It appears that git-annex issues one GET request to S3 / Google cloud for every file it tries to copy, if you don't pass --fast. (I could be wrong; I'm basing this on the fact that each "checking " takes about the same amount of time, and that it's slow enough to be hitting the network.)
Amazon lets you GET 1000 objects in one GET request, and afaict a request that returns 1000 objects costs just as much as a request that returns 1 object. The cost of GET'ing every file in my annex is nontrivial -- Google charges 0.01 per 1000 GETs, and my repo has 130k objects, so that's $1.3, compared to a monthly cost for storage of under $10. This means that if I want to back up my files more than, say, once a week, I need to write a script that parses the JSON output of git annex whereis and uploads with --fast only the files that aren't present in the cloud. It also means that I have to trust the output of whereis.
All those GETs also slow down the non-fast copy, and this also applies to other kinds of remotes.
There are a number of ways one could implement this. One way would be to have a command that updates the whereis data from the remote and then to add a parameter (maybe you already have it) to copy that's like --fast but skips files that are already present (maybe this is what --fast already does, but I did a quick check and it doesn't seem to). Because of the way git annex names files, I think it would be hard to coalesce GETs during a copy command, but it could be done.

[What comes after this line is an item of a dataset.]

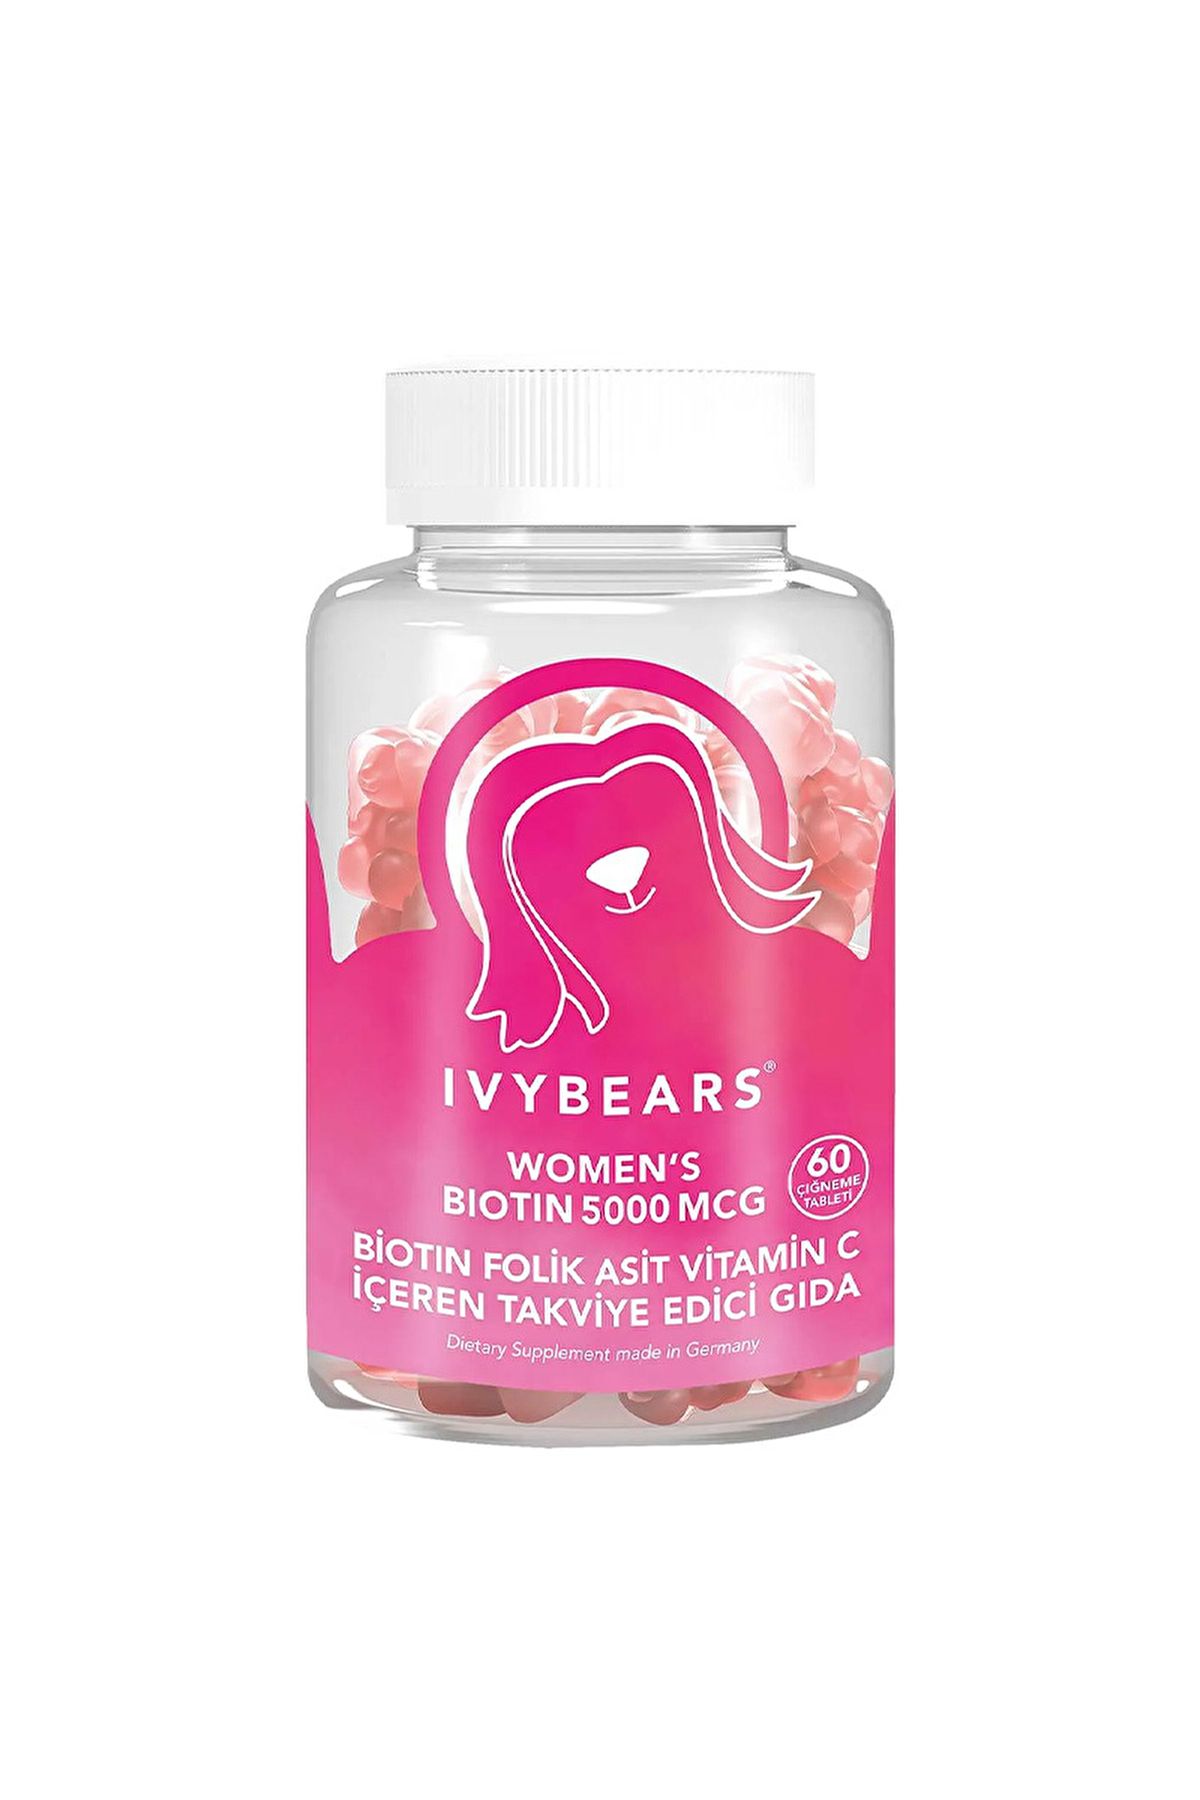 IvyBears Women's Biotin 5000 Mcg 60 Çiğnenebilir Form

Anyway, please don't consider this a high-priority request; I can get by as-is, and I <3 git annex.
The man page documents this:
As you've noted, this has to rely on the location tracking information being up-to-date, so if it's not it might miss copying a file to the remote that the remote doesn't currently have but used to. Otherwise, it's fine to use
copy --fast --to --remote
orcopy --not --in remote --to remote
, which is functionally identical.The check is not a GET request, it's a HEAD request, to check if the file is present. Does S3 have a way to combine multiple HEAD requests in a single http request? That seems unlikely. Maybe it is enough to reuse an open http connection for multiple HEADs? Anything needing a single HEAD request would not fit well into git-annex, but ways to do more caching of open http connections are being considered.
Oh jeez, I screwed that up wrt HEAD and GET. Sorry. The cost per HEAD on Google is 1/10 the price of GET, so we're talking $.13 to HEAD my 130k-file annex, which is totally reasonable.
One can GET a bucket, which is what I was looking at. This returns up to 1000 elements of its contents (and there's a way to iterate over larger buckets). Of course this would only be useful if the majority of files in the bucket were of interest to git-annex, and it sounds like more trouble than it's worth at the prices I'm seeing.
There might be a throughput improvement to be had by keeping the connection alive, although in my brief investigation, I think there may be a larger gain to be had by pipelining the various steps. Based on the fact that git-annex oomed when trying to upload a large file from my rpi, it seems like maybe the whole file is encrypted in memory before it's uploaded? And certainly the HEAD(s) appear not to be done in parallel with the upload.
Sorry again for that HEAD/GET fail.
The OOM is ?S3 memory leaks; fixed in the s3-aws branch.
Yeah, GET of a bucket is doable. Another problem with it though is, if the bucket has a lot of contents, such as many files, or large files split into many chunks, that all has to be buffered in memory or processed as a stream. It would make sense in operations where git-annex knows it wants to check every key in a bucket.
git annex unused --from $s3remote
is the case that springs to mind where it could be quite useful to do that. Integrating it withget
, not so much.I'd be inclined to demote this to a wishlist todo item to try to use bucket GET for
unused
. And/or rethink whether it makes sense forcopy --to
to run in --fast mode by default. I've been back and forth on that question before, but just from a runtime perspective, not from a 13 cents perspective.